Surgery Surgery · Medicine

Gallstones

Gallstones affect 10–15% of the Western population. Most are asymptomatic — but the minority who develop symptoms account for a significant surgical workload. Knowing the risk factors, types, and complications is essential.

✦ The Mnemonic

"FORD Drives Gallstone Risk"

Female · Obese · Rapid weight loss · Diabetes — the classic Gallstone risk factors

F Female Oestrogen increases biliary cholesterol secretion and reduces gallbladder motility; OCP + pregnancy increase risk
O Obese Obesity increases hepatic cholesterol secretion; BMI >30 triples risk
R Rapid weight loss Mobilises cholesterol; reduces bile acids; gallbladder stasis — bariatric surgery risk
D Diabetes/Diet Diabetic neuropathy reduces gallbladder motility; high fat diet increases risk

📚 Clinical Breakdown

80% of gallstones are cholesterol stones (formed when bile is supersaturated with cholesterol — Admirand-Small triangle). 15% are pigment stones (black: haemolytic anaemias such as sickle cell, hereditary spherocytosis; brown: infected bile/biliary stasis). Cholesterol stones are radiolucent; pigment stones may be radio-opaque.

Complications follow a predictable anatomical sequence: biliary colic (stone impacted in cystic duct → colicky RUQ pain) → cholecystitis (stone obstructing cystic duct → bacterial infection) → common bile duct stone (choledocholithiasis → obstructive jaundice, cholangitis, pancreatitis) → Mirizzi syndrome (external compression of CHD by a stone in Hartmann's pouch).

Charcot's triad (acute cholangitis): fever + rigors, jaundice, RUQ pain. Suggests CBD stone with ascending cholangitis. Add hypotension and confusion = Reynold's pentad (suppurative cholangitis) — needs urgent ERCP for biliary decompression and IV antibiotics.

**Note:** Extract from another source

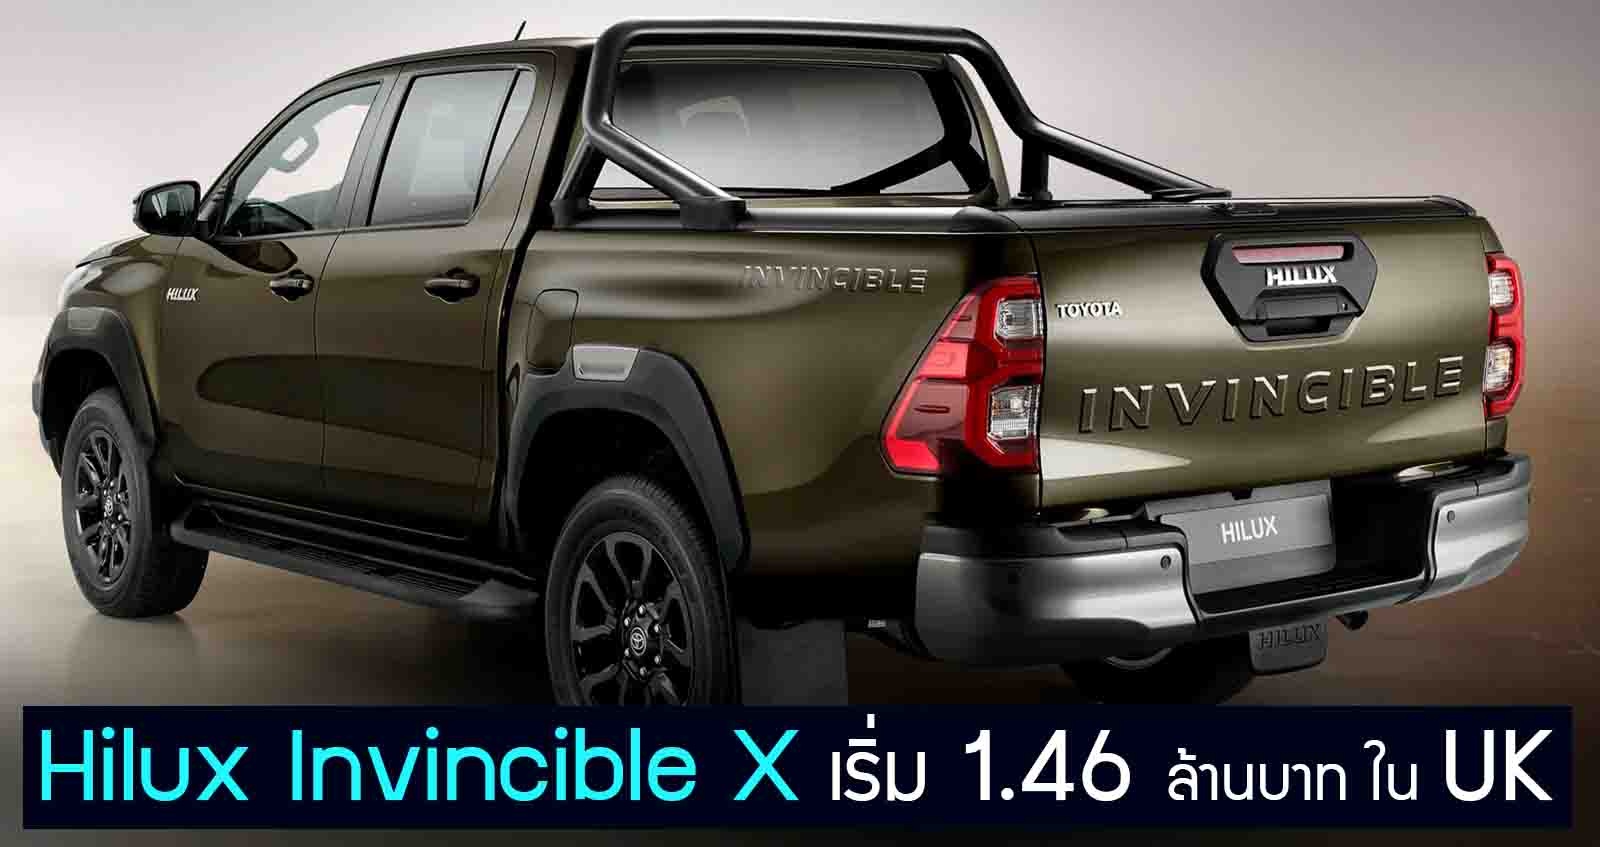 เปิดราคา Toyota Hilux Invincible X เริ่ม 1.46 ล้านบาท ในสหราชอาณาจักร

Stone types Cholesterol (80%): radiolucent; Pigment (15%): radio-opaque
Charcot's triad Fever/rigors + jaundice + RUQ pain = cholangitis
Reynold's pentad Charcot's + hypotension + confusion = suppurative cholangitis
Murphy's sign Inspiration halted by RUQ palpation during cholecystitis

⭐ Clinical Pearl

Mirizzi syndrome: a large gallstone impacted in Hartmann's pouch (or cystic duct) compresses the common hepatic duct from outside — causing obstructive jaundice and mimicking a cholangiocarcinoma on imaging. Types I–IV based on whether a cholecystocholedochal fistula has formed. Requires careful surgical planning — ERCP may fail and open surgery is often needed.